Sony Cybershot DSC R1 - USB Hi-Speed interface
The images that have been saved can easily be transferred via the USB Hi-Speed interface. Transferring happens at an average speed of 2100KB per second, which is considerably fast for this type of interface. A disadvantage of transferring via the camera is that it cannot be used to take photos at the same time. Personally, I always use a USB 2.0 Hi-Speed Multi-slot card reader, so that I can always use the camera by simply changing the card.

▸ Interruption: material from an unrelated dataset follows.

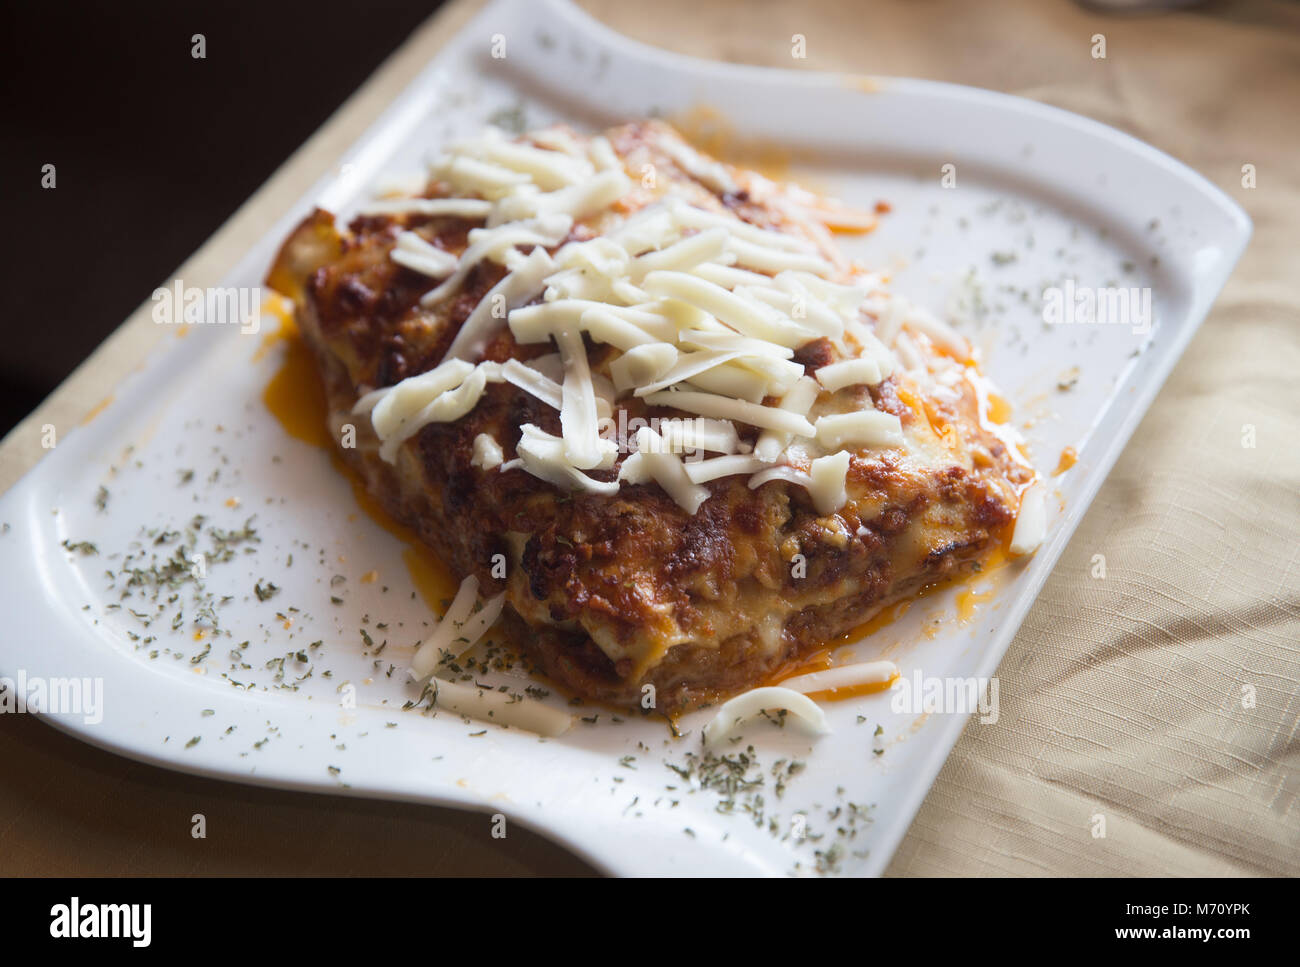 Homemade lasagna from scratch Stock Photo - Alamy
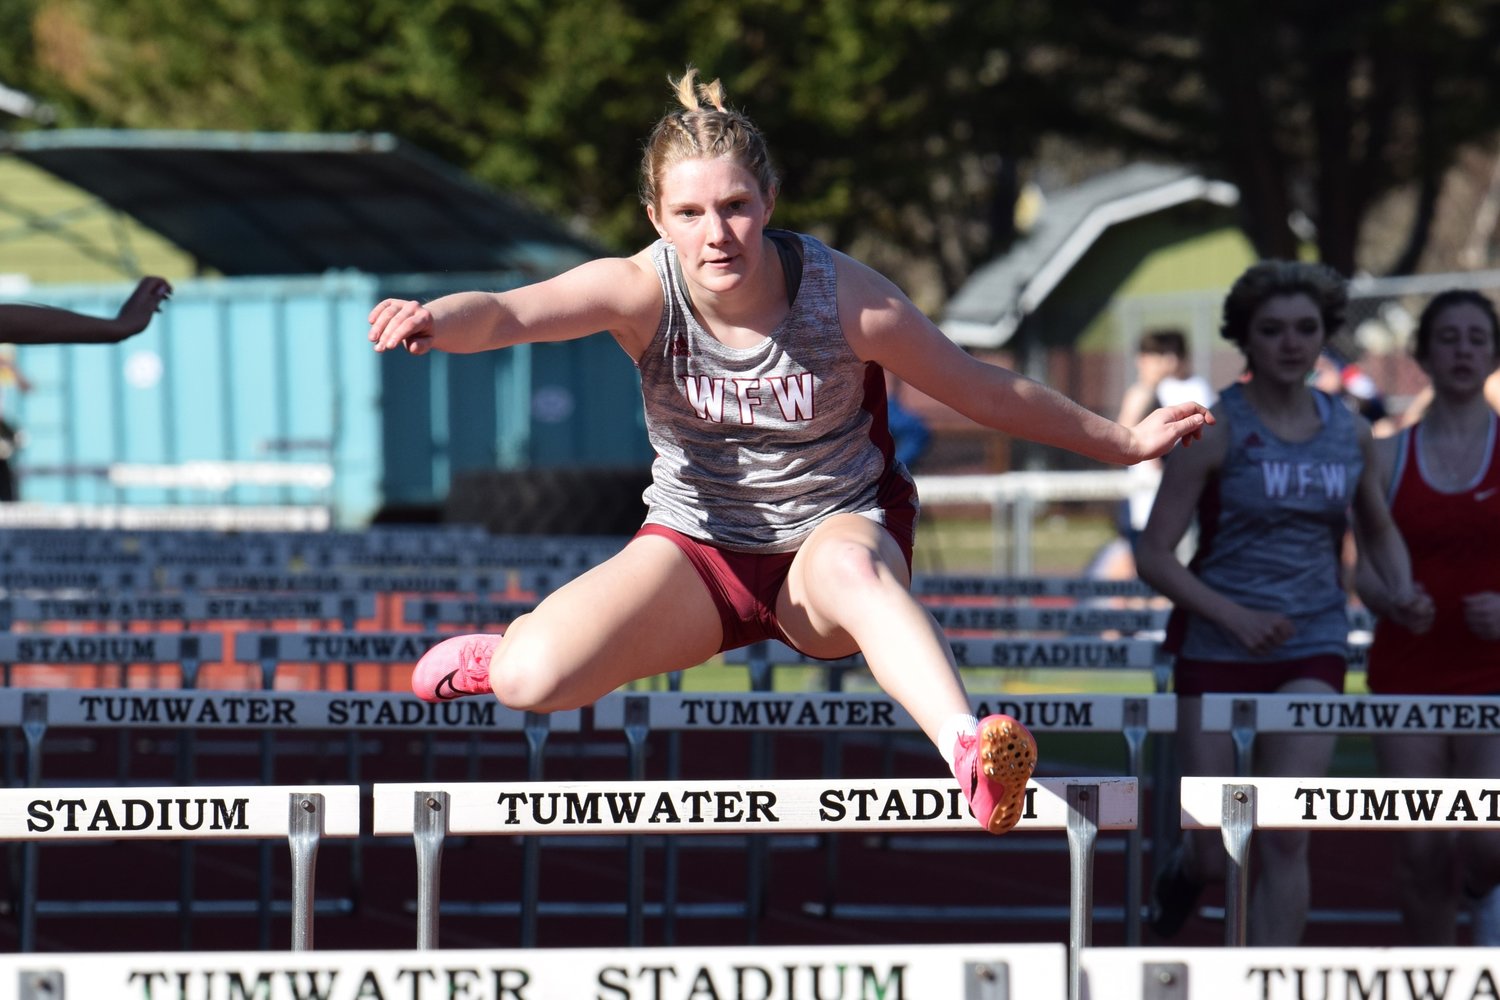 W.F. West's Emily Mallonee leaps over a hurdle at Tumwater District Stadium March 29.

Sony Cybershot R1 - NP-FM50 InfoLithium battery
The Sony R1 gets its power via a heavy capacity (7.2V/8.6Wh - 1180mAh) NP-FM50 InfoLithium battery. Throughout the years, Sony have proven themselves able of taking a battery to its fullest capacity and giving the camera a cleverly thought-out power consumption management. Such is also the case with the Sony Cybershot R1. You should expect a minimum of 500 images with a fully charged battery and a play time of at least 11.000 images when using a Memory Stick or CompactFlash memory card. A Microdrive however, gulps energy and will reduce those amounts with approximately 40%! A disadvantage is that Sony does not supply an external charger, thus letting the battery charge via the camera. We will have to learn to live with that. There will be only very few occasions that require an extra battery, as the battery capacity of the Sony Cybershot R1 more than meets the requirements!